What are your New Year’s Resolutions?
Resolutions are meant to be positive changes we can implement into our daily lives. While the turn of the calendar year is a popular time to create them, oftentimes, they fall by the wayside and fail to be achieved. How can we turn these resolutions into realities? Below are a few tips for you to help execute your resolution plans to the fullest. Enjoy.
- Personal mission statement. Writing down your personal mission statement will help you concoct your goals in a way that puts personal meaning and responsibility behind it. What is your personal mission statement?
- Core values. Be clear about your values and how they affect your actions. Live with integrity and identify how you wish to conduct yourself. Do you have clear core values?
- Write your goals down. These resolutions can be identified in many ways. I have found that writing them down for you to physically see and recite each day can be very powerful. Are your resolutions written down?

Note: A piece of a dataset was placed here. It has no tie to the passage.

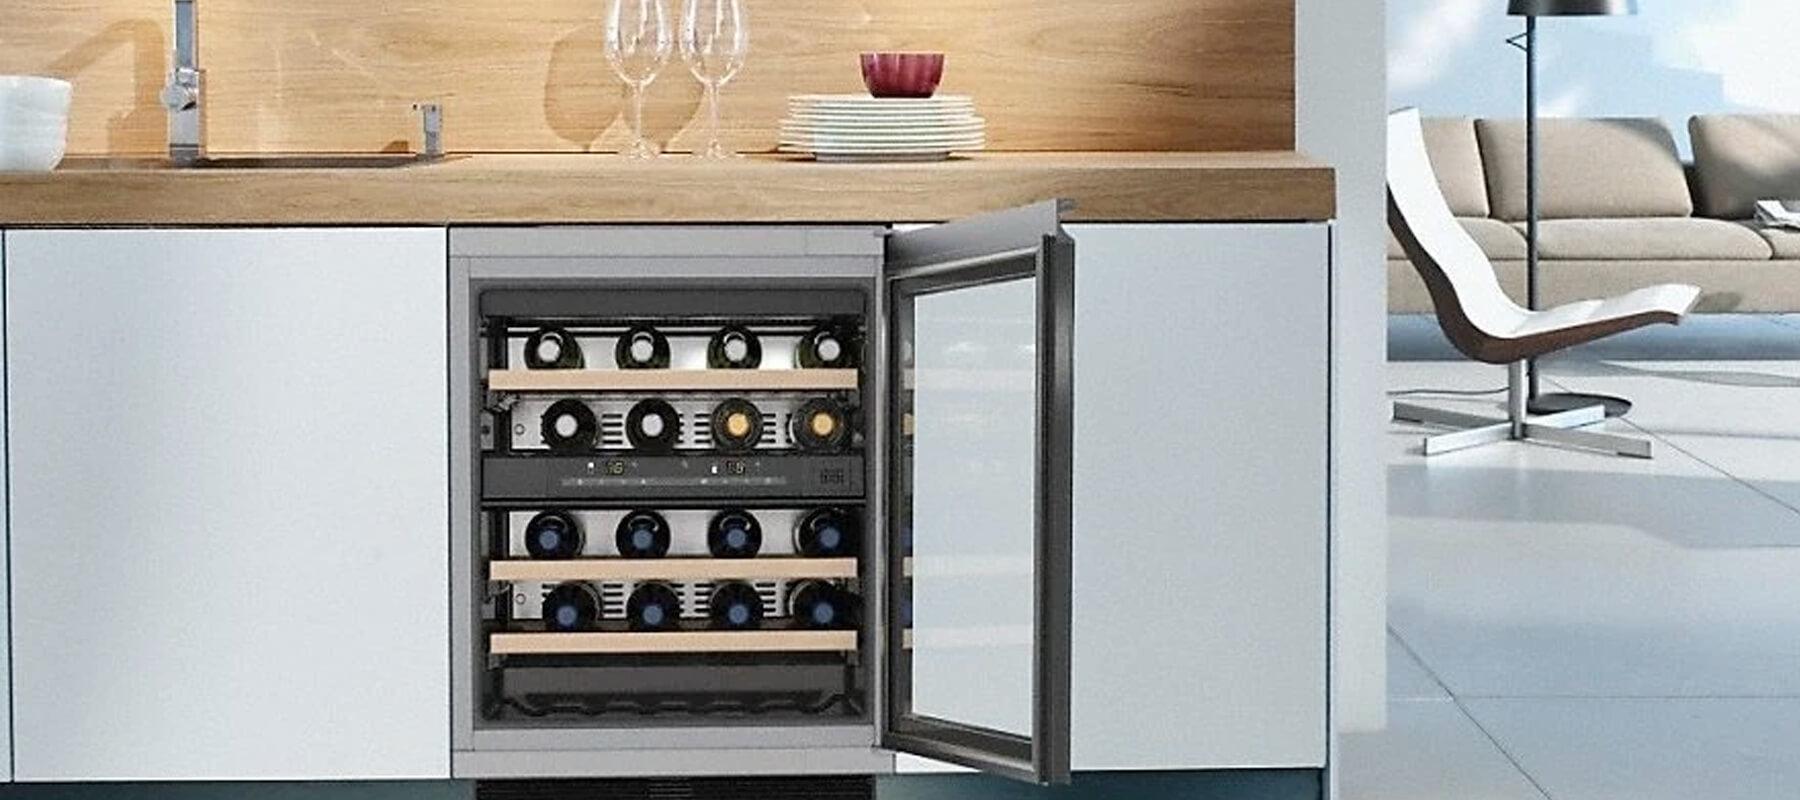 Built in Counter Depth Refrigerator La Costa   Built-in Refrigerator Repair

- Personal growth plan. How will these resolutions grow you as a person? Always seek to grow your mind through audiobooks, CDs, books, etc. and utilize every opportunity to grow.

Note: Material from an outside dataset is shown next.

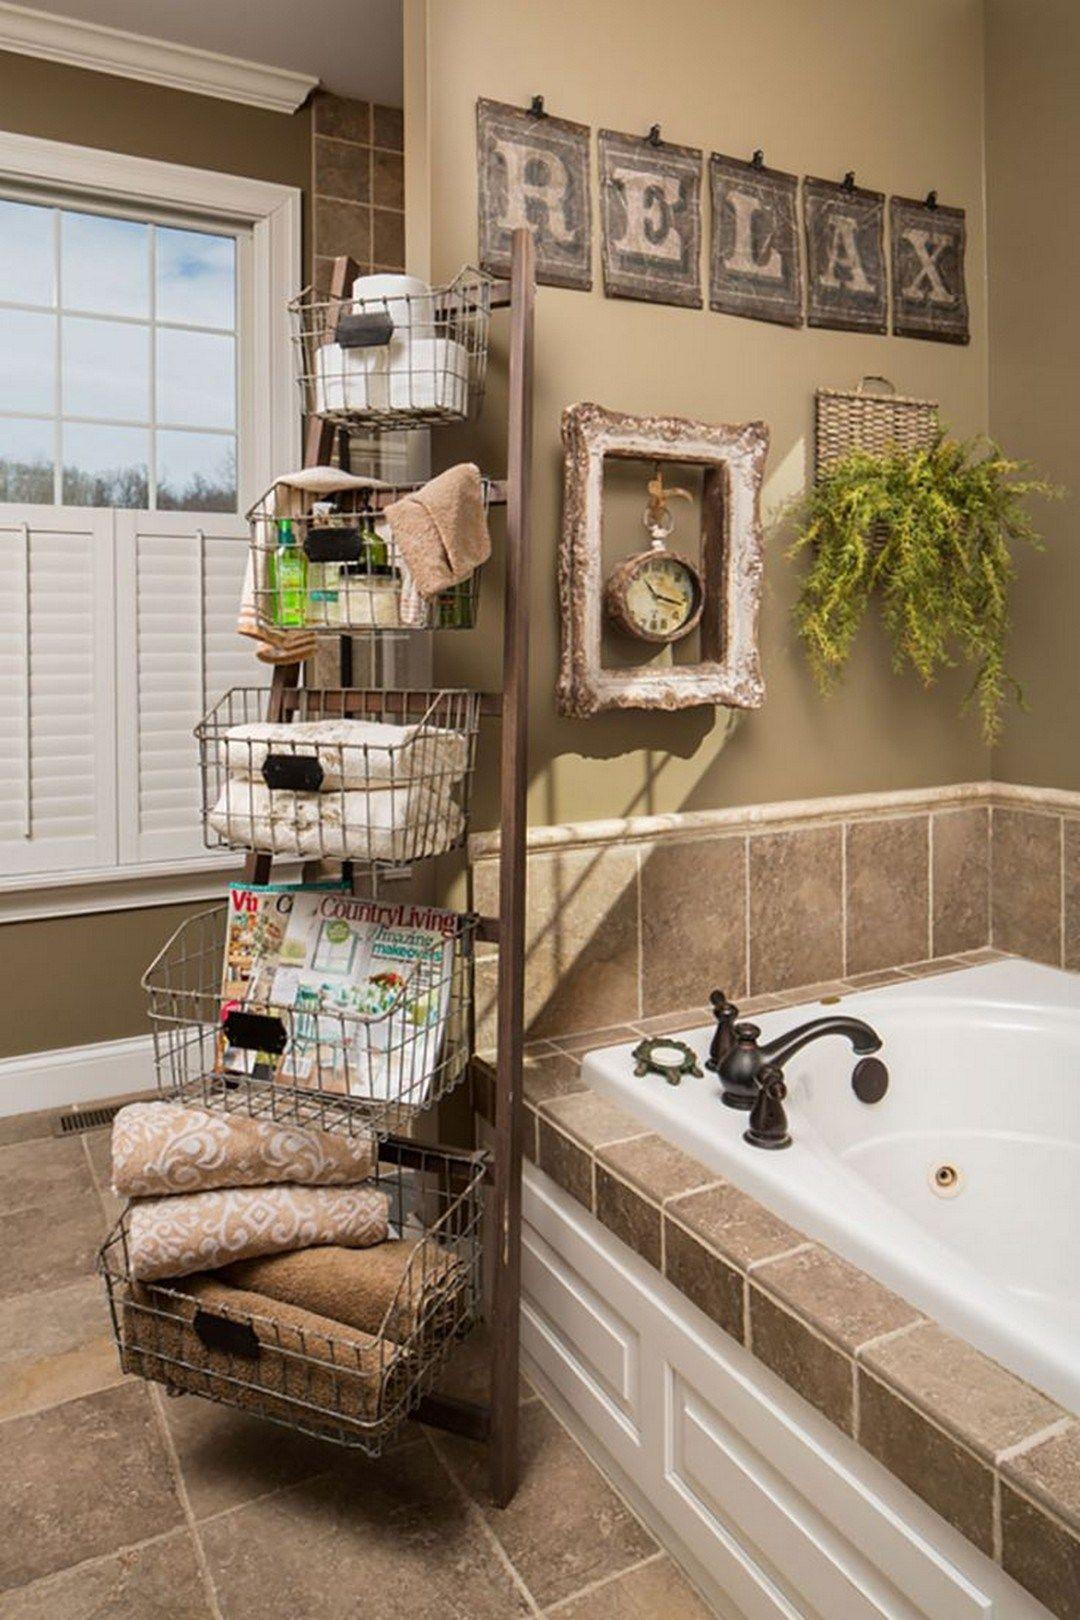 Rustikales badezimmer dekor diy  incredible diy for rustic home decor   deco  pinterest

- Personal health plan. For me, I like to include personal health aspects into my current and future goals. Sleep, exercise, diet, and taking time to myself are important to me. What aspects are important to you to include?

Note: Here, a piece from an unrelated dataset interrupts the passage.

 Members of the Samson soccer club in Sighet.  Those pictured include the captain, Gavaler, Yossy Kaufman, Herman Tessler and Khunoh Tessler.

- Personal family plan. Your resolutions should include spending time with loved ones and family. Do you prioritize spending time with family? They are typically the most important people in your life and it’s crucial to include them in your growth plans.
- Personal financial independence plan. Pay yourself first. Saving money adequately for your future should be included in your New Year’s resolutions. How are you developing a personal financial plan?
Did You Know? Coach Jim Johnson’s first professional speaking engagement for 2018 will be in January in Chicago, IL giving a leadership talk to Walsh Construction.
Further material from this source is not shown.